There are two possible explanations for the excluded addresses:

  1. During the Daubert hearing, government experts misrepresented the functions of the closed source heuristics used to create the Bitcoin Fog cluster.
  2. Argument 3 above is false; the Reactor platform isn't deterministic and its results aren't reproducible (causes may include bugs, servers crashes with no sane recovery process, etc).

Because Defense experts haven't been able to review the inner details of the heuristics, it's impossible to say which one of these two hypotheses is correct. However, we expect that the latter is the most likely explanation. In both cases, the consequences on the conclusion of this Daubert hearing are hard to ignore

Review of Arguments 5 & 6: “Accurate” yet “Conservative”

Another very disturbing aspect of this Daubert hearing is that the scientific method has been completely ignored while considering that “hearsay” or anecdotal evidence of past successes are a replacement for tracking false positives and negatives.

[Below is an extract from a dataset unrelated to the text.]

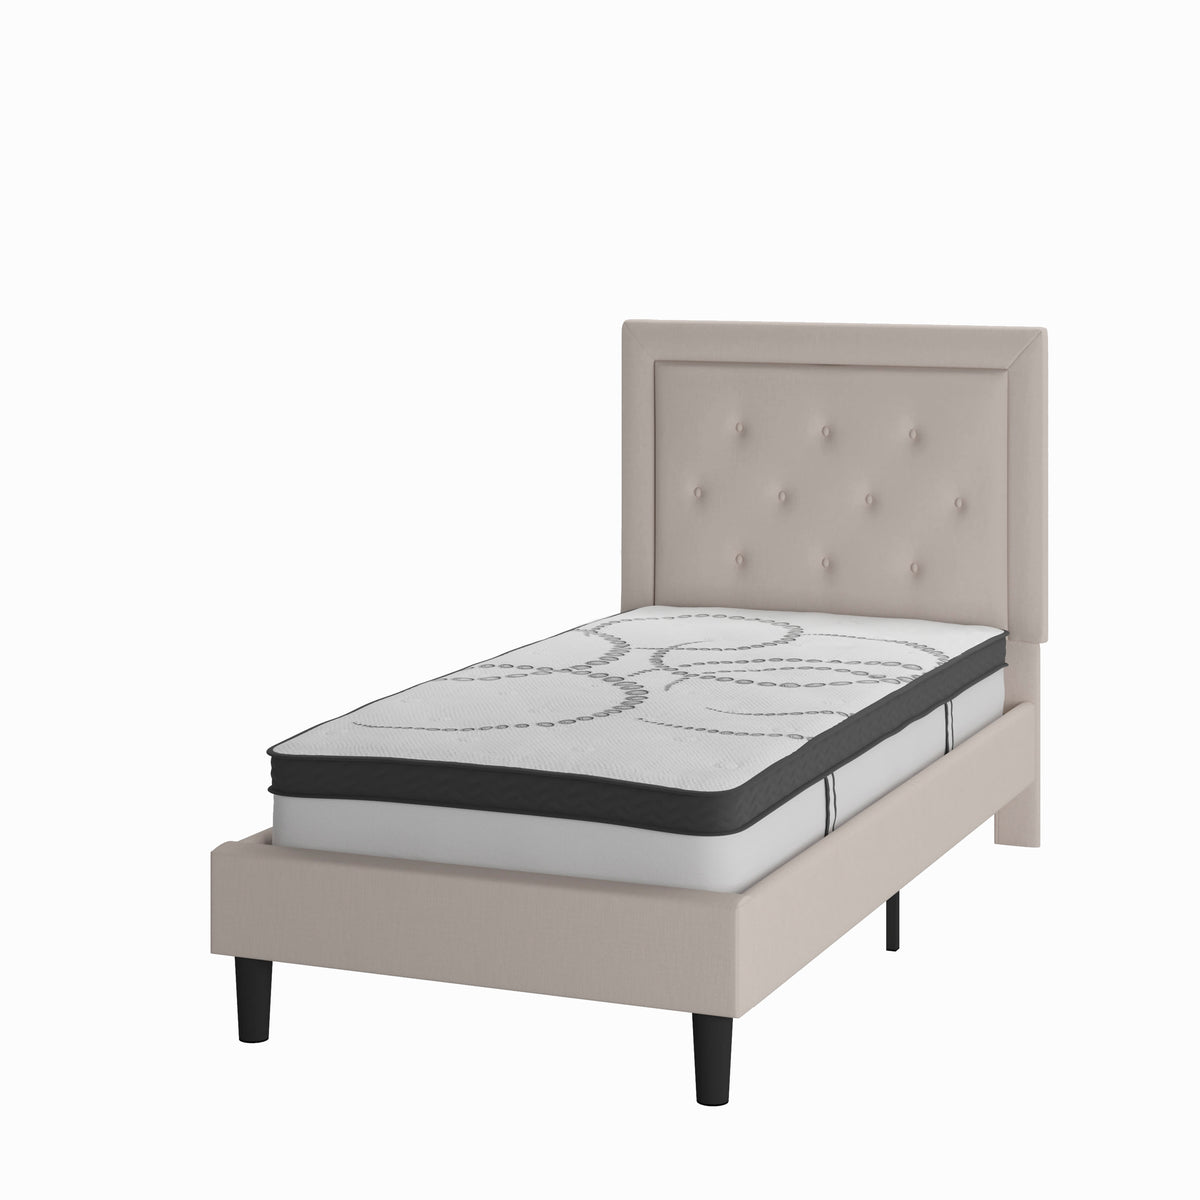 Beige,Twin |#| Twin Tufted Platform Bed in Beige Fabric with 10 Inch Pocket Spring Mattress

In the scientific method, a hypothesis can never be 100% proven, only falsified. But Argument 6 completely disregards falsification which is the entire basis for the scientific method.

According to this argument it is impossible to have a test producing a negative outcome. The result will always be considered as "evidence" of a positive outcome (heuristic being described as "accurate" or "conservative").

Review of Arguments 1 & 2: Peer Review and Heuristic Shortcomings

Even more disturbing, these testimonies have completely ignored the cases that contradict these positive results.

For instance, no detail about Reactor’s Mt. Gox cluster have been provided. No explanation has been provided about how this cluster is either full of false positives (see CoinJoinMess) caused by limitations of the Common Input Ownership Heuristic that government experts have refused to acknowledge or how it has been "fixed" thanks to a so-called "Heuristic 3" that is basically just a code name for manual tagging of Bitcoin addresses by Chainalysis analysts.


In conclusion, what may sound like just another anecdotal announcement from the government has profound consequences for all crypto users.

From your self-custody to your spending preferences, the developments in this case have massive far reaching implications that should cause concerns for every crypto user.

Lastly, we find the silence from academics during these Daubert hearing to be very disturbing.